The topic of growing competition from infrastructure – both in terms of capital allocations and assets – came up at this year at MIPIM, the annual global real estate convention in Cannes.

But after a period of falling values, limited transactions and moribund fundraising, there are signs that real estate could be about stage a comeback. Much of the talk at MIPIM was about a recovery in transactions in the second half of the year – although people also said the same in 2023. 

Robert-Jan Foortse

Robert-Jan Foortse: ‘we are more active again in the market after basically a standstill’
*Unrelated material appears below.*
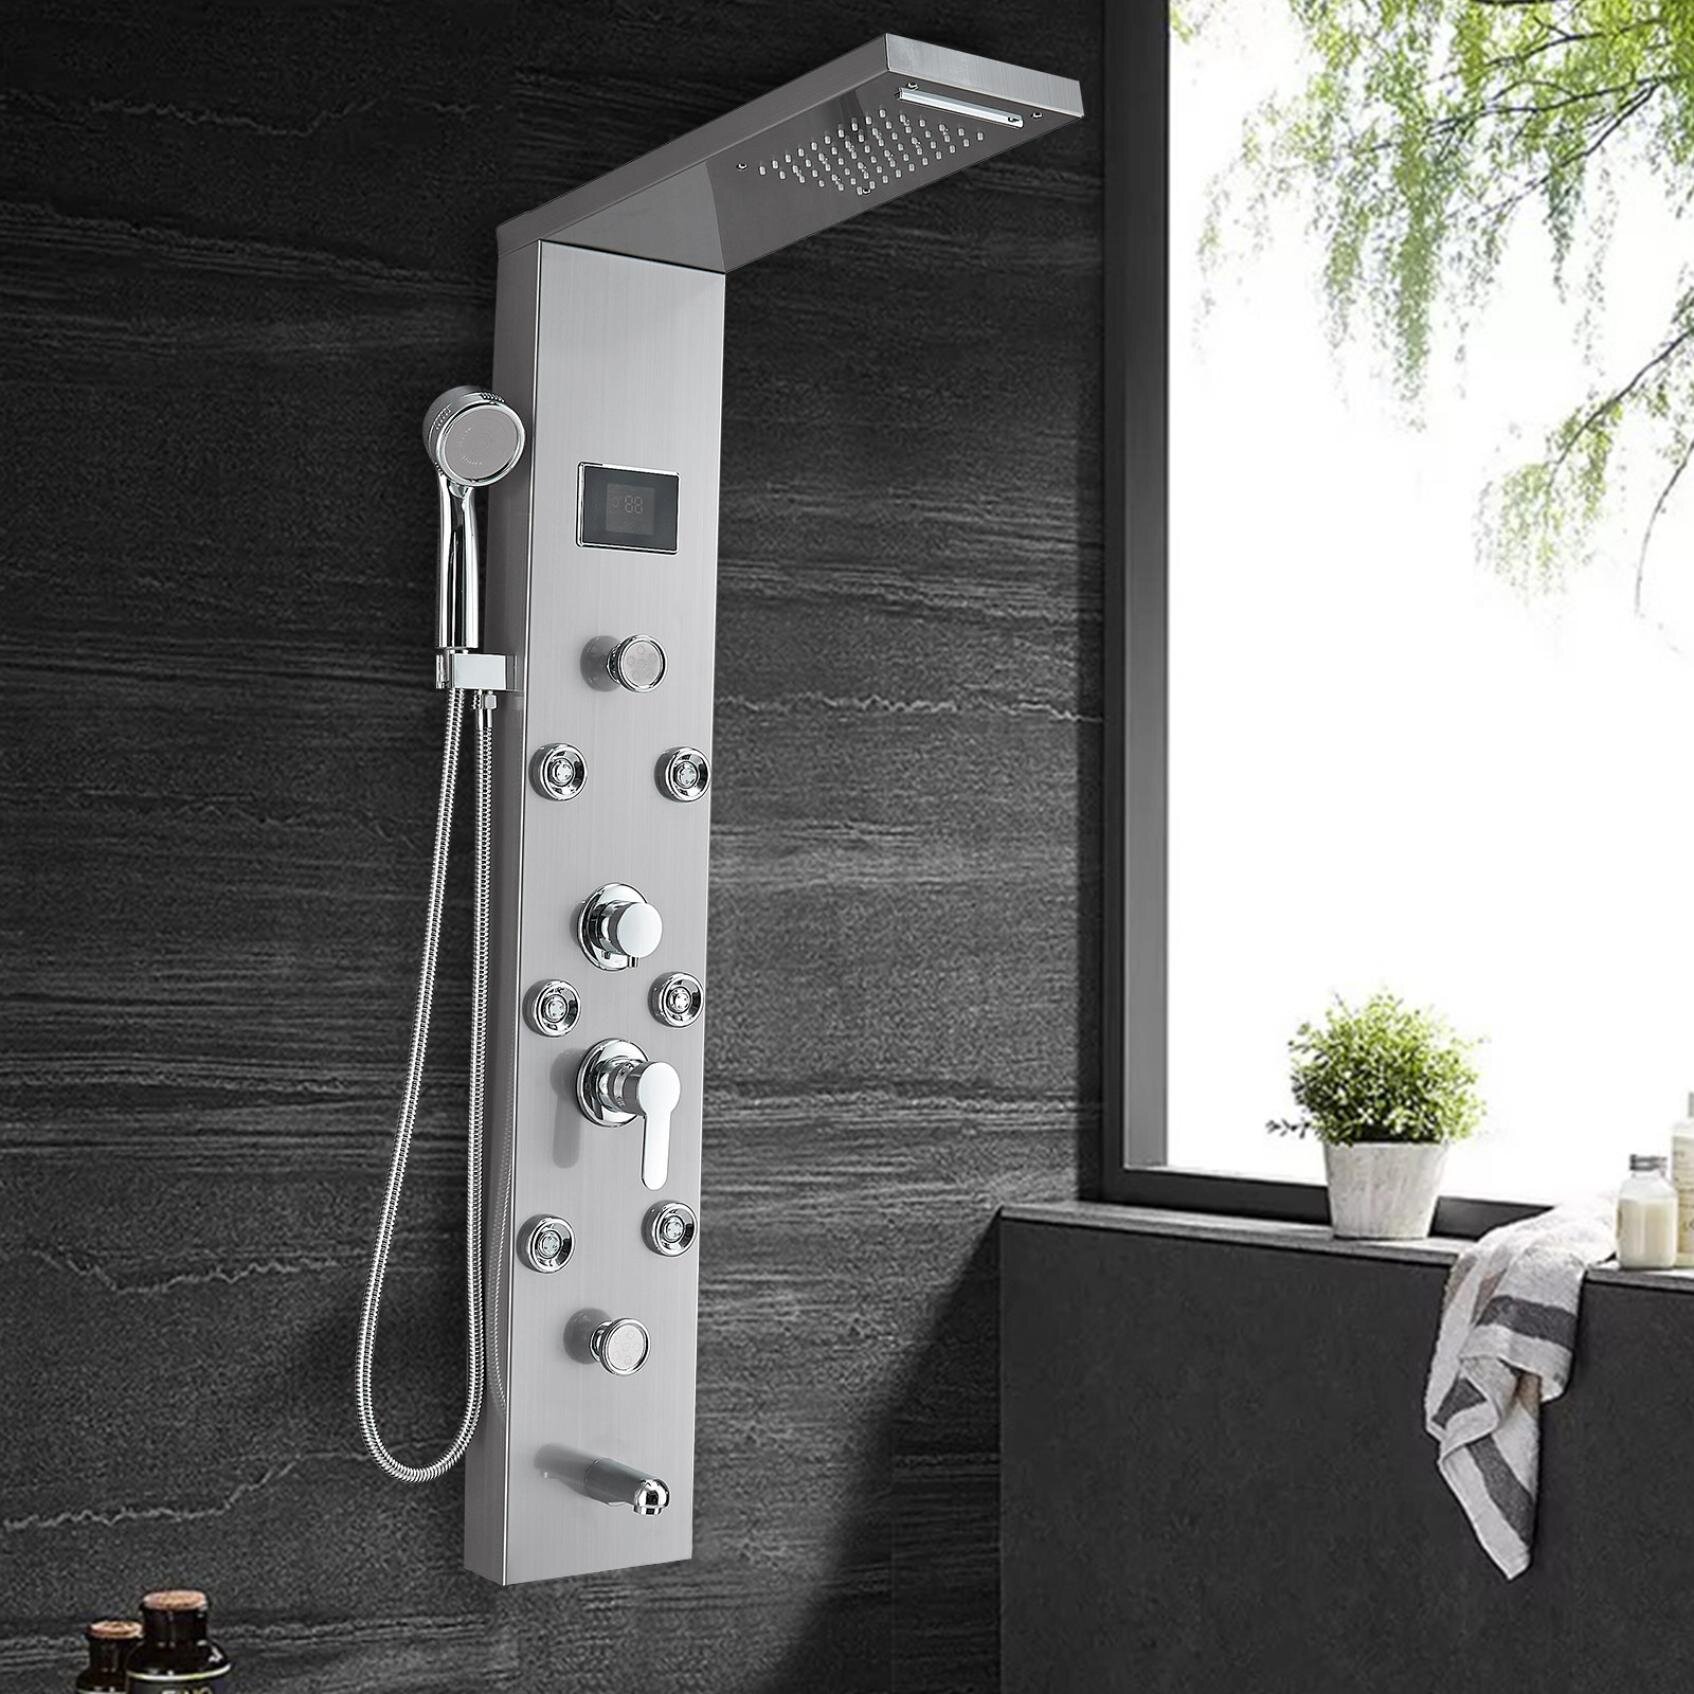 Stainless steel LED Shower Panel Tower kit Rain&Waterfall Massage Jets System

But Robert-Jan Foortse, head of European real estate at Dutch pension fund investors APG, has reason to believe this year could, indeed, be different. Foortse, who was also at MIPIM, highlights a key difference between conversations this year and last year. In 2023, people would “come and talk to me in the second half of the year”, he said. This year, investors wanted information so they could actually start work on potential investments.
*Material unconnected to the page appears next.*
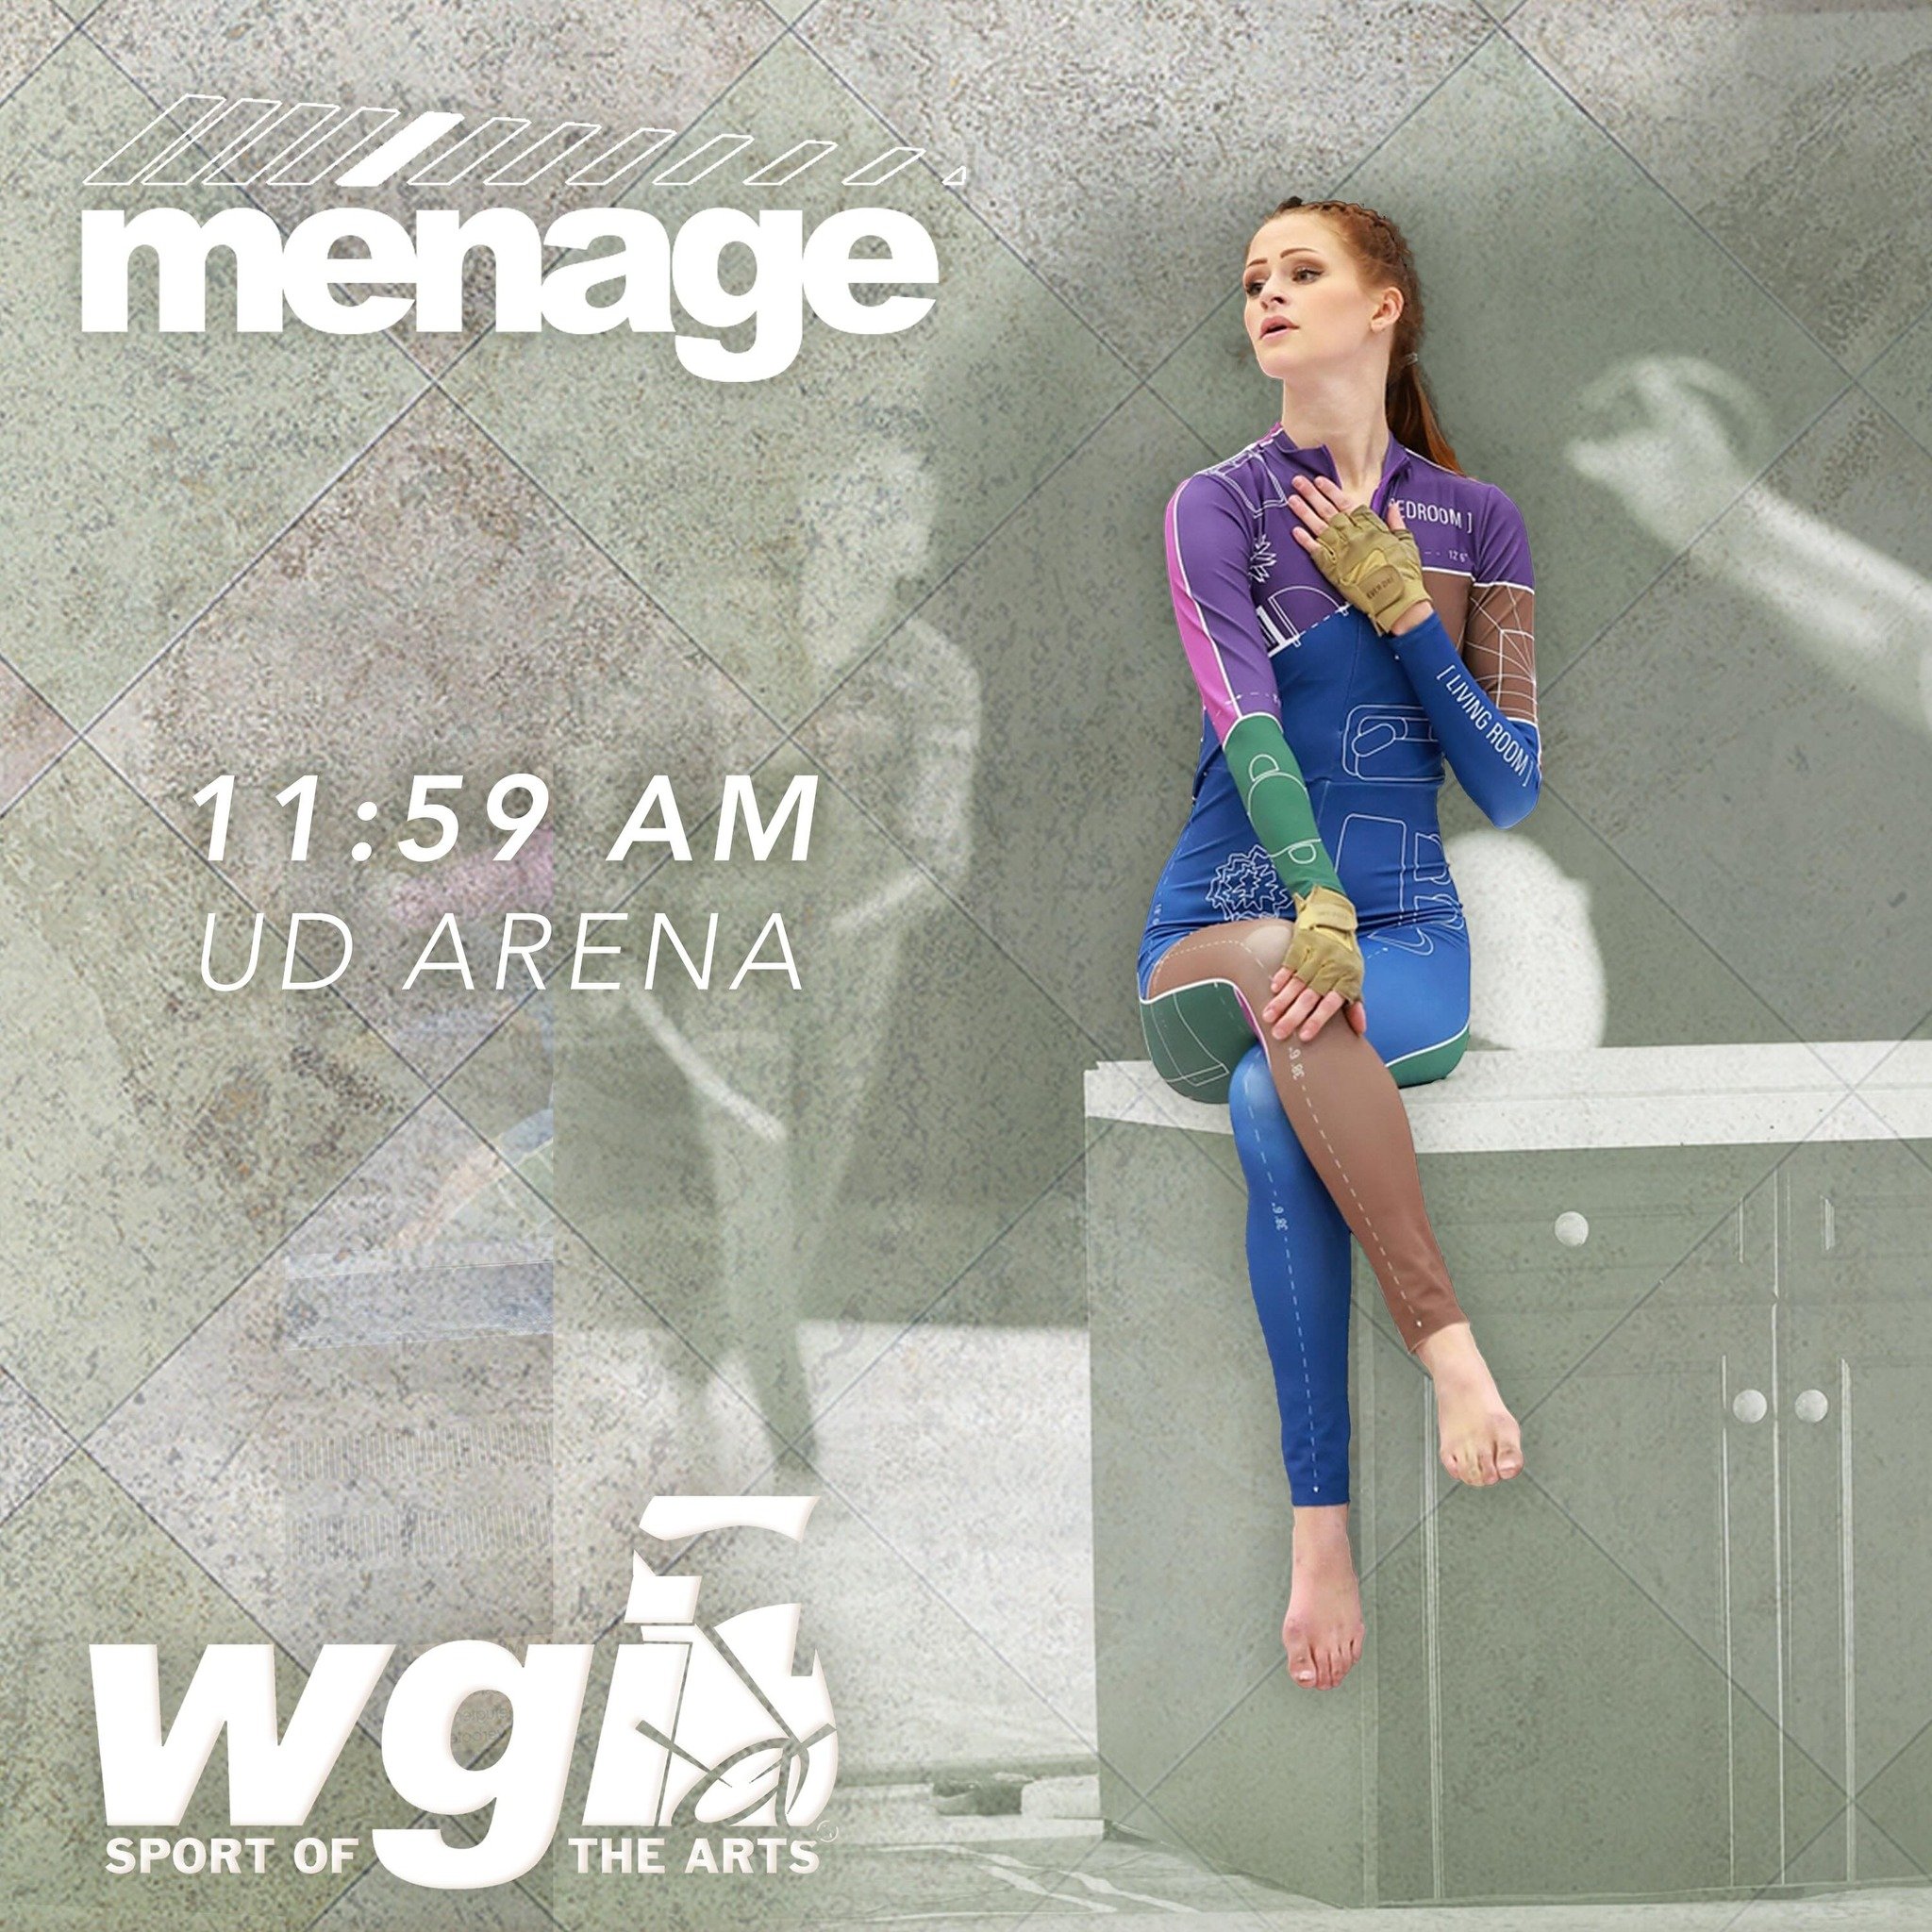 And it all starts &ldquo;In The Kitchen&rdquo; tomorrow. M&eacute;nage is performing at 11:59AM in the UD Arena!

APG, which is ranked seventh in this year’s Top 150 real estate investors report, is certainly back in the market, so to speak. “We are more active again in the market after basically a standstill,” Foortse tells IPE Real Assets. The situation is helped by the fact that APG has been given a €5bn mandate to invest in affordable housing by its main client, the Netherlands’s largest pension fund, ABP.

The anecdote is in line with this year’s IPE Real Assets investor survey which found that 43% of respondents expect to invest/commit more to real estate this year than they did in 2023. This was the largest group of investors, followed by 41% who expected to invest the same amount and 16% who expected to invest less. This is a reversal of sorts on last year when nearly half (48%) expected to invest and/or commit less relative to the prior to 12 months. 

Some investors, like the New Zealand Superannuation Fund, are looking to build up a greater exposure to real estate after several years of limited activity in the asset class. This year could potentially be an interesting time to do so when many other investors are more constrained. 

However, investing today will not necessarily be comparable to investing in the months and years that followed the last major real estate downturn more than 10 years ago in the aftermath of the global financial crisis. Today, there are new dynamics to factor in, such as climate risk and technology.

As we report in the technology report, the institutional real estate industry needs to start embracing artificial intelligence now, or risk being left behind.